We circle. His breathing is ragged; mine is measured.
He strikes again, hard and fast, but he’s clumsy—running has spent his strength, or possibly someone else has managed to wound him.
I can’t tell, and it doesn’t matter. I can sense his waning energy in every blow, every ragged breath.
I block, pivot, let the movement carry me behind him, and slash low.
He cries out. He staggers, but he doesn’t drop, despite the smell of blood mingling with the mud.
His teeth grit together before the next attack comes. This time, I let him push me back a step, feigning weakness. He bites at the bait, charging, and I slide inside his guard. My blade finds the gap between ribs.
His breath leaves in a soft, surprised sound.
I hold him up as his knees buckle.
“Where is she?” My voice is low, but the demand cuts through the thick air. “The fey called Serawen—do you know where she is?”
He laughs, wet and broken, the sound rattling in his chest. The scent of blood sharpens. There’s so much of it, now.
“If the forest knows, it hasn’t told us,” he spits, which is a fey answer if there ever was one. It tells me nothing.
I twist the blade deeper. He cries out again. He sounds young. Younger than me, even, although they can look and sound however they wish. “Where is she?” I hiss again.
“The forest can have her,” he chokes back. “For we will not. She is no friend of ours.”
He sags against me, his body turning boneless. I let him fall. Robin growls once, low, before falling silent.
I draw back my blade and wipe it on his clothes. Robin comes forward to press his wet nose to my cheek. I remove my gloves to pet him, stuffing them into my pockets.

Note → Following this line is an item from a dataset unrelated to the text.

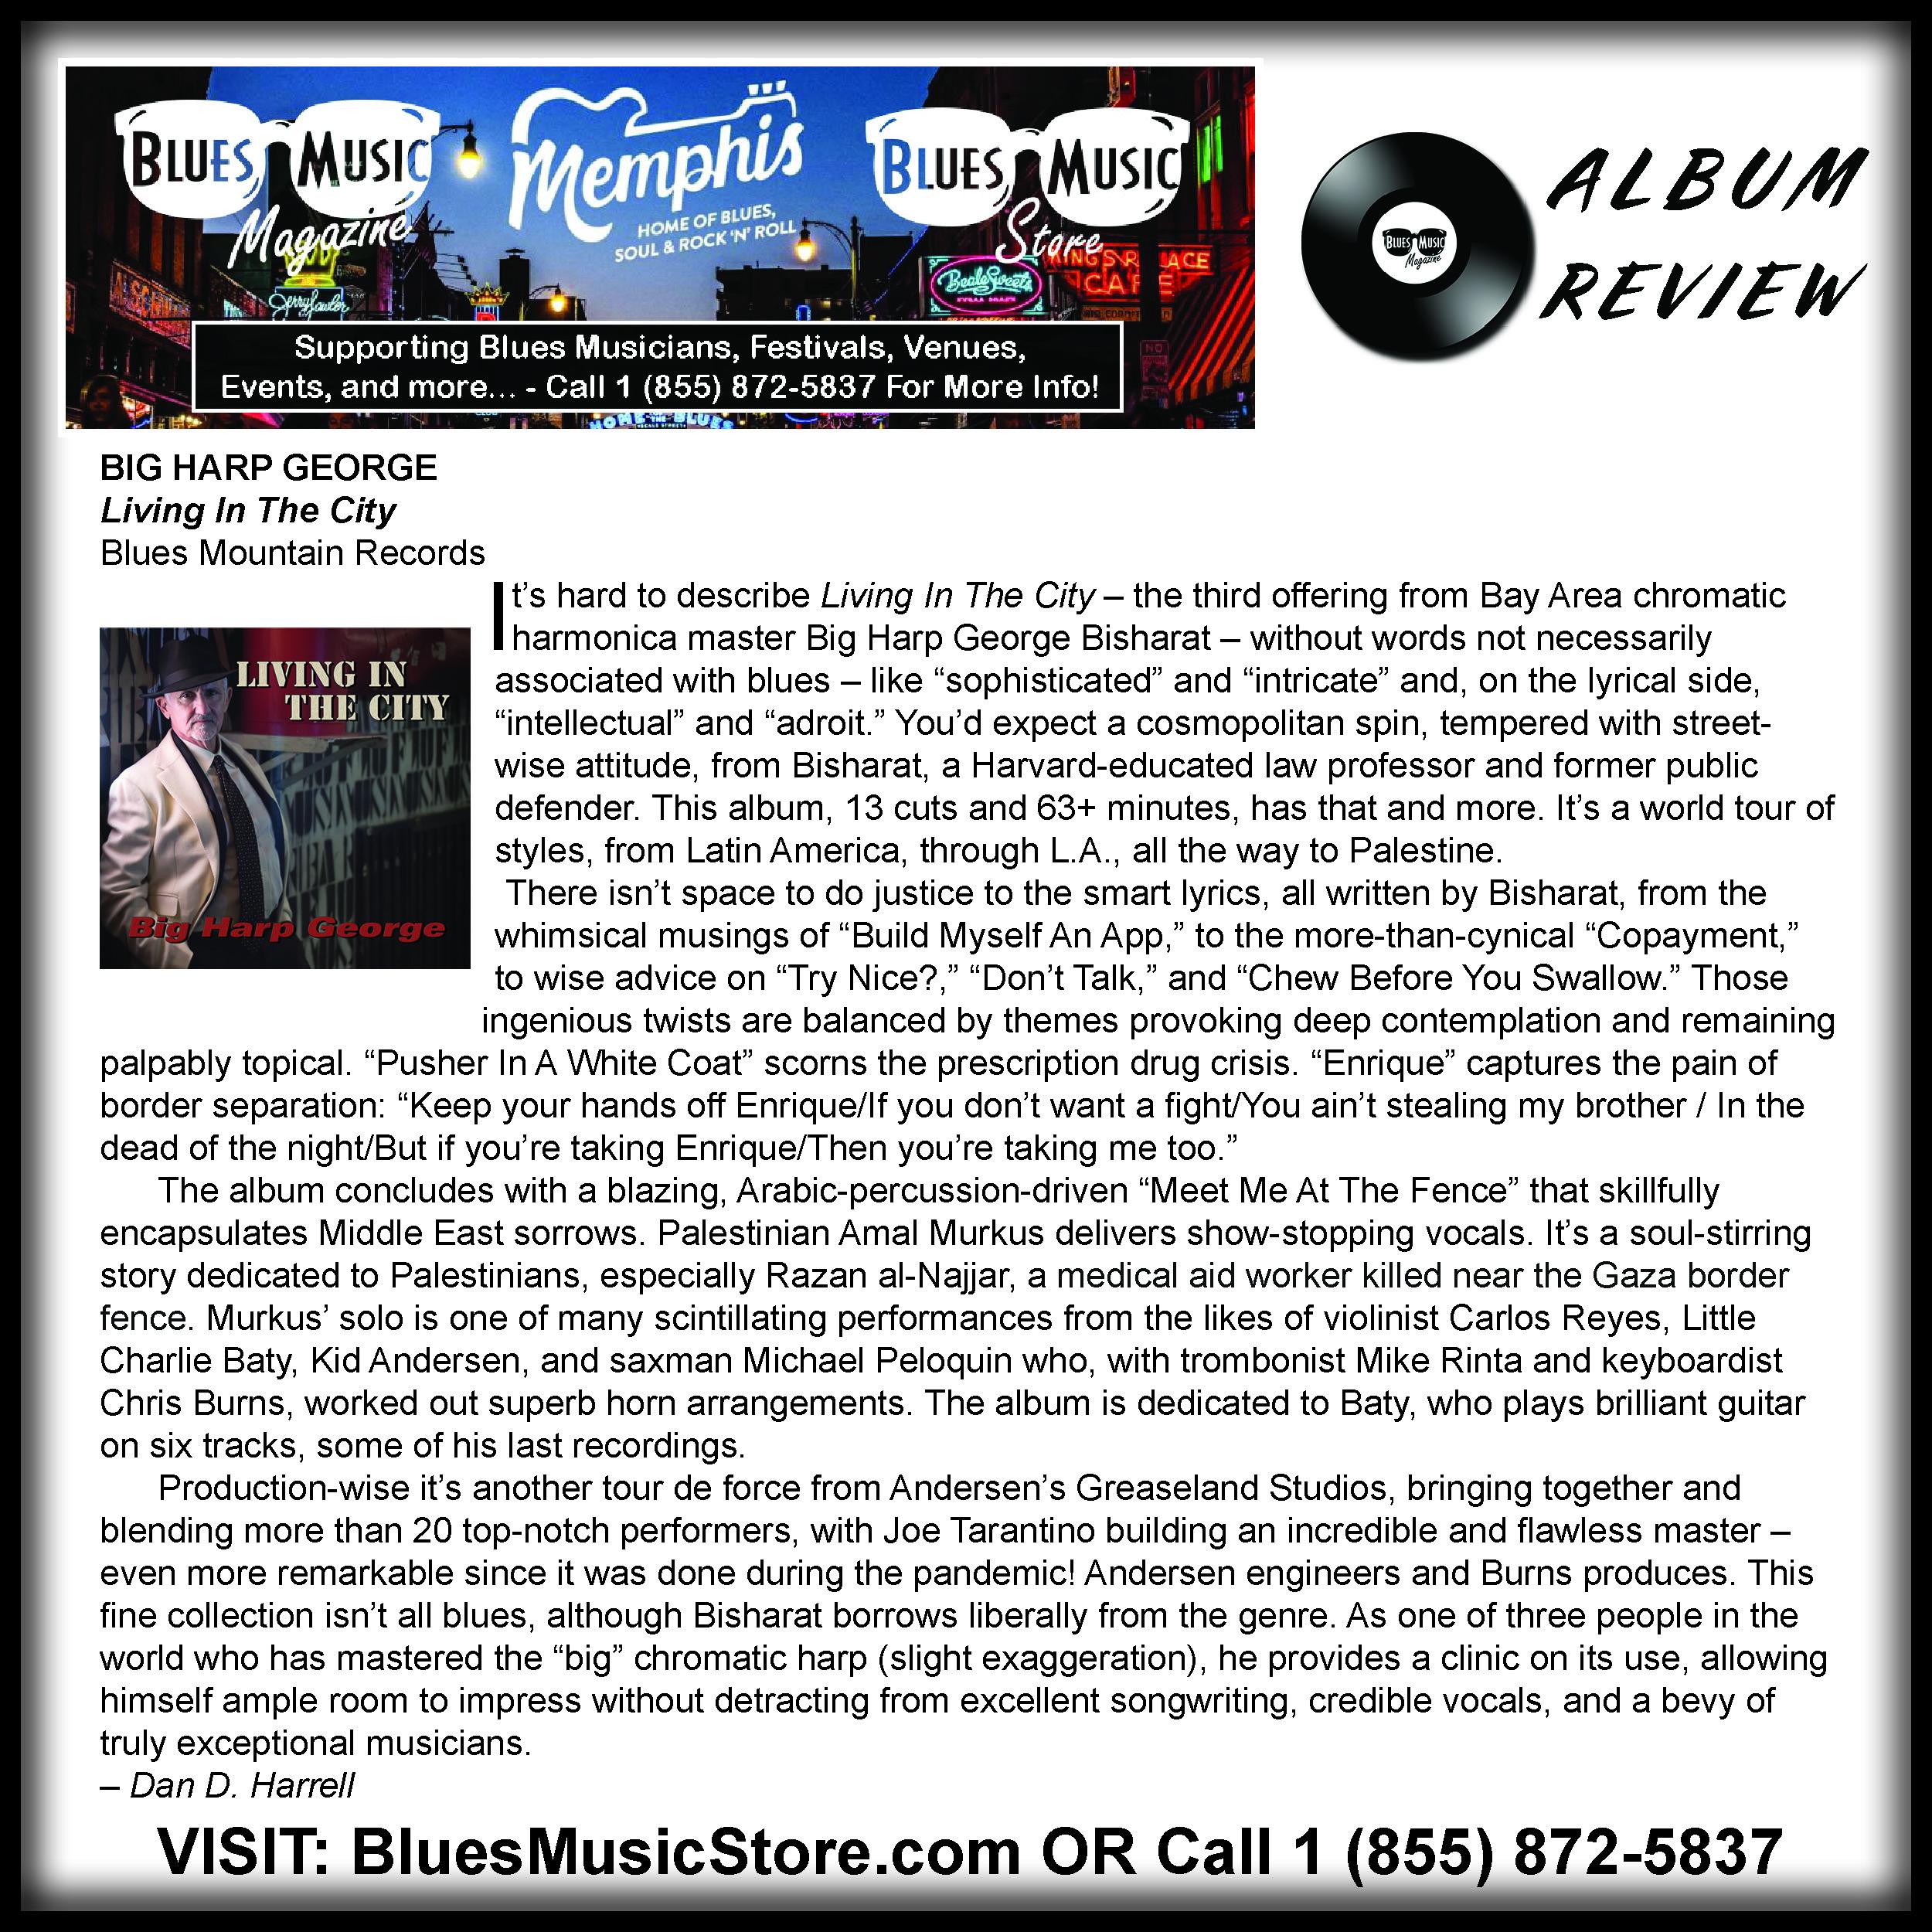 big-harp-george-review.jpg

“Good boy,” I whisper. “You did well.”
I check the sword as best I can for blood before sheathing it. Dain finds me a moment later. He takes a moment to assess the scene.
“Are you all right?” he asks.
“Yes,” I tell him. “Any injuries?”
“Nothing serious,” he reports, stooping to pet the dog. “Did he tell you anything about—”
“Nothing,” I answer, perhaps too quickly. It’s better than lingering on the taste of frustration. No one seems to know where she is. He’s the first to know her, though.
The first to declare her an enemy.
Dain’s silence stretches. “Are you sure that you’re—”
“I’m fine,” I snap.
Dain breathes the quietest of sighs. “Very well, Your Excellency,” he says.
Your Excellency. It’s an address I’m still not used to, one that was never meant to be mine. I’m the Regent. No longer a prince. Not quite a king.
I never, ever want to be king. I was never supposed to be.
Evander was.
We trudge back towards the rest of the knights. “Thanks for your assistance, earlier,” I mumble, wanting to say something to ease the tension. “The second duck was much appreciated.”
Dain pauses. “I only whistled ‘down’ once.”
I almost miss a step.
“Sire?”
I freeze in place, the Duskfen shifting around me, roots rippling softly in the undergrowth. I wait for something. A soft-footed step, the scent of wildflowers, an inhale of breath I’ve mapped to my mind.
There’s nothing. She’s not here.
It must have simply been one of the other knights. Most of them know our signals by now.
Who else could it possibly have been?